Mein Schreiben. Täglich.

Teilen Sie mit mir unbeschwerte und schwere Gedanken in Prosa oder Lyrik und versuchen Sie, Grau in Blau zu verwandeln - unter welchem Himmel auch immer.

Mir fällt das oft selbst schwer genug...


Jahrestag eines Abschieds

∞  7 Juli 2014, 20:43


istockphoto.com/Devonyu

Noch zwei Stunden ist es hin – dann hat sich der Moment zum ersten Mal gejährt, als ich auf der Fähre stand, auf dem Heimweg vom Sterbebett meiner Mutter. Es war eine ruhig aufziehende Nacht, mit einer frischen Bise, die nicht nur von der Gischt und vom Fahrtwind der Fähre stammte, und ich fühlte den Wind im Gesicht, zog mir die Jacke zu und fragte mich, eingehüllt in die immer tiefgründigere innere Stille des langen Abschieds, dem diese Woche gewidmet war, ob es richtig war, jetzt hier zu stehen und nicht am Bett geblieben zu sein. Es war nur ein kurzer Moment der Panik, dem eine um so grössere Ruhe folgte. Ich wiederholte mir, unter welchem Sinn diese Woche für mich von Anfang an gestanden hatte, und ich sagte es mir so klar vor wie noch nie zuvor:

Meine schöne Aufgabe war es, sie gehen zu lassen und alles dafür zu tun, dass sie genau das tun konnte, was mich eben nicht mehr verletzen musste: Gehen zu dürfen. Sie hatte, wie unzählige Male zuvor, auch in diesem Fall für sich entschieden, ohne zu fragen. Eigenmächtig, eigennützig, selbstherrlich. Ja, das konnte ich alles so benennen, wenn ich es denn aus meiner Warte tun wollte. Aber in diesem Fall sah ich in ihrem Willen auch die Fortführung der eigenen Massstäbe – und darin eine auch zu bewundernde Konsequenz. Es gibt kaum Kinder, die so klar und sicher wie ich wissen konnten, wie meine Mutter über das Sterben und den Tod dachte – worüber sie auch zu reden bereit war, jederzeit. Ich fand bei Ihr in den letzten Jahren zu ihren Gedanken, in einer Art weichen Aufbruchs, der früher undenkbar gewesen wäre, und ich konnte so gar nicht anders, als zurück zu bleiben ohne Gram. Wir kommen allein und gehen allein – und ich werde niemals irgendwem vorhalten können, dass ich für ihn zu entscheiden befugt bin, wann es so weit sein soll.

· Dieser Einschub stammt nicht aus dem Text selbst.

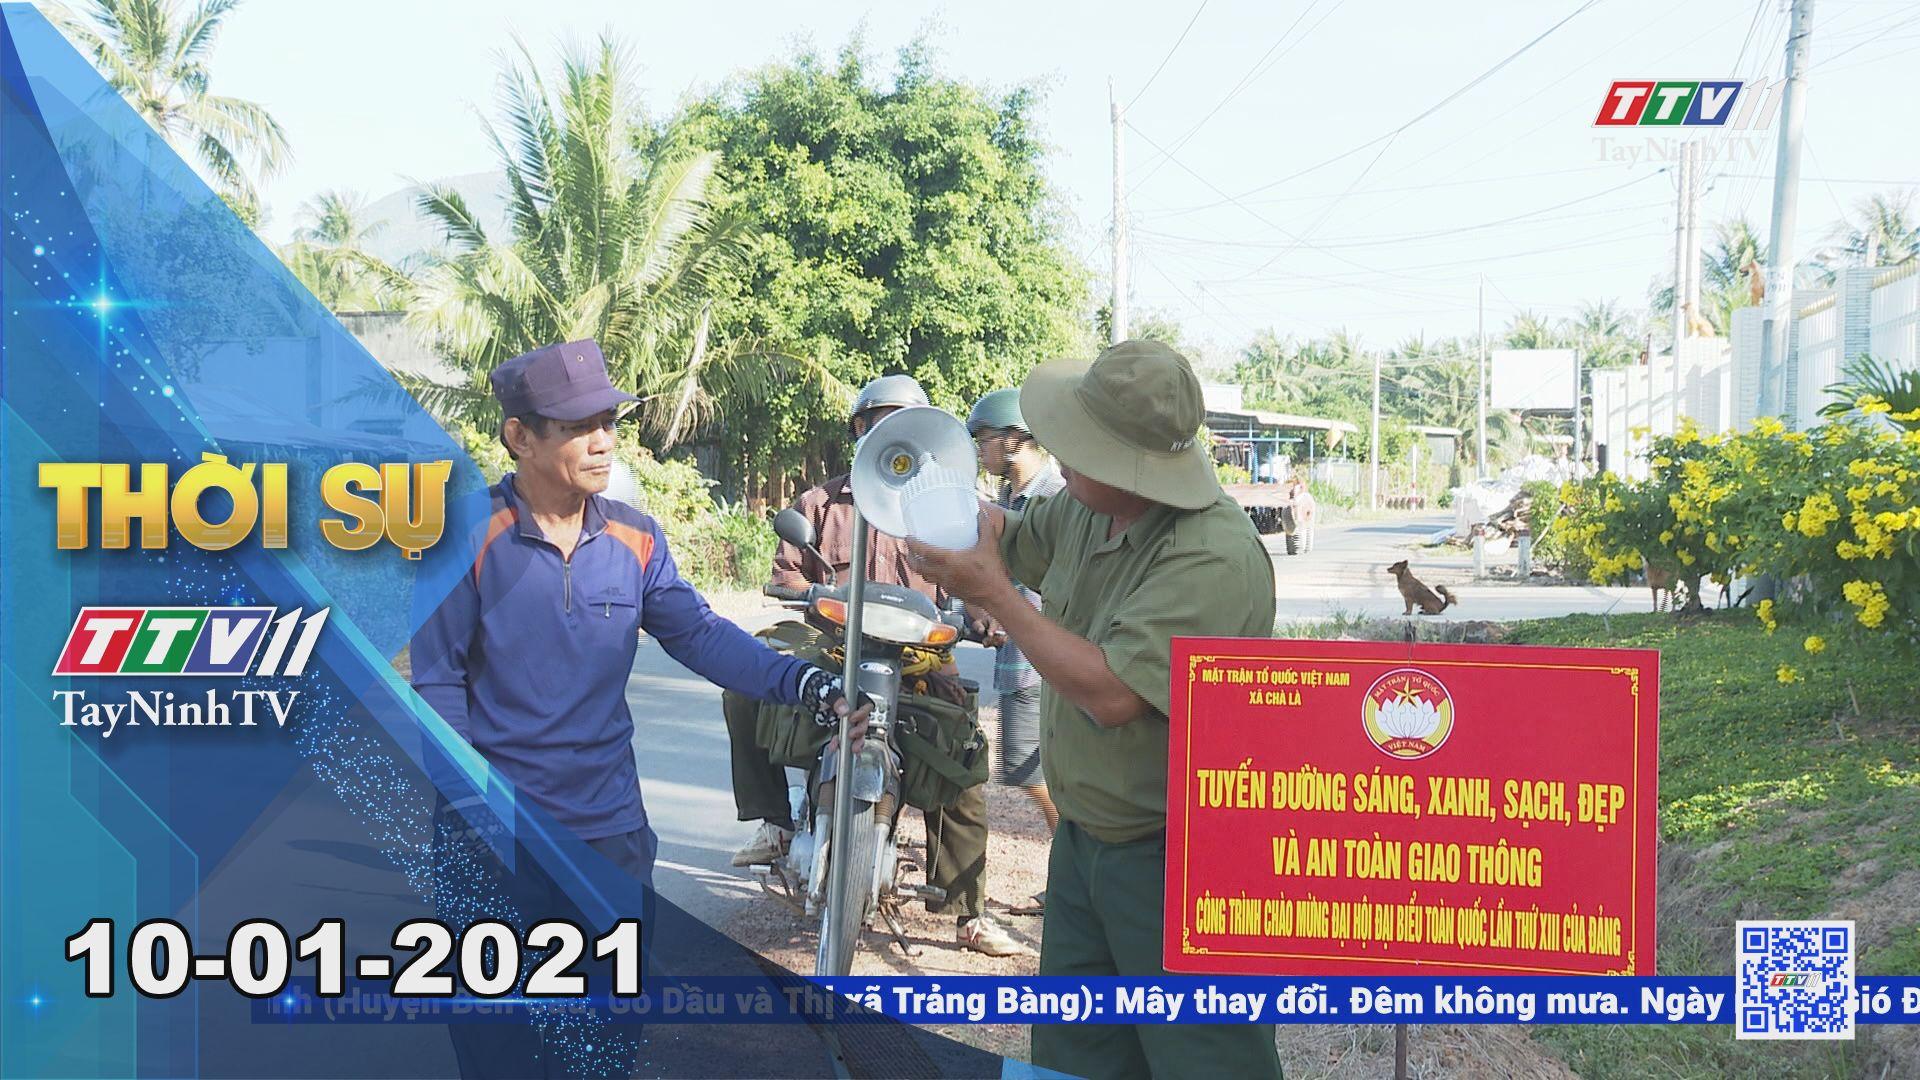 Thời sự Tây Ninh 10-01-2021 | Tin tức hôm nay | TayNinhTV
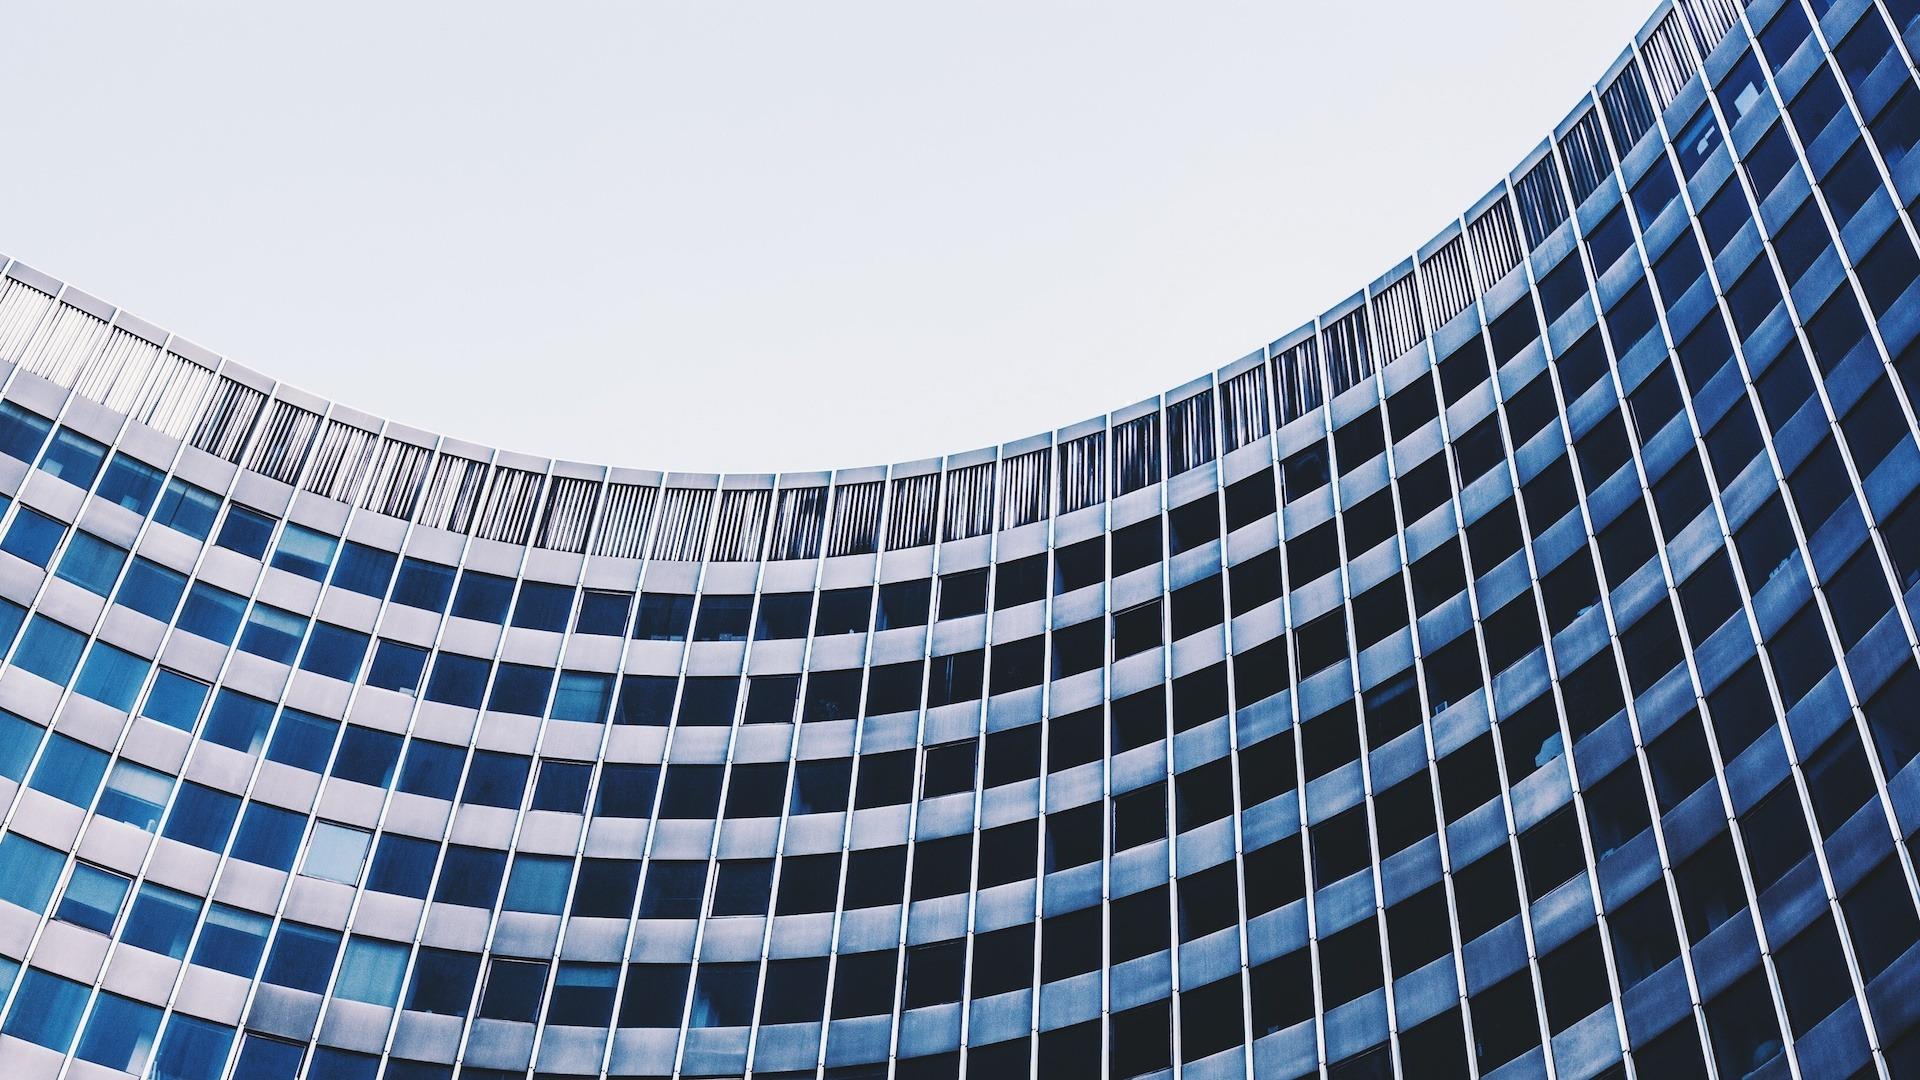 Brussels Building content marketing case studies EU

Die wenigsten allerdings erfahren die Gnade, trotz oder gerade wegen einer Krankheit tatsächlich bestimmen zu dürfen, ob sie denn nun eine Behandlung noch wollen, oder nur eine palliative Begleitung. Meiner Mutter wurde das geschenkt, und sie ist in den Zug eingestiegen, der an ihrem Bahnhof hielt. Ohne zu fragen, ohne sich in der letzten Konsequenz gross mit uns zu besprechen. Aber diese Bemerkung ist rein rhetorisch. Was hätten wir denn wohl geantwortet? Eben. In der letzten Konsequenz bleibt uns für unsere Schritte die eigene Verantwortung. Sie werden uns aufgetragen, aufgezwungen oder angeboten. Aber wie wir uns stellen, und ob wir uns sperren oder eben nicht – das bleibt unser Recht zu entscheiden allein.

Wir haben unsere Mutter an jenem Abend allein gelassen, weil wir ganz bewusst alles vermeiden wollten, was ihr den letzten Schritt erschwert hätte, obwohl wir längst nur noch stille Abschiednehmer waren: Auf dem Bahnsteig stehend, die Türen verschlossen, die Abfahrt unvermeidlich, die Scheiben blind.

Wir konnten noch ins Leere winken, aber nichts mehr aufhalten, und genau darin liegt der eigentliche Frieden, den wir finden können.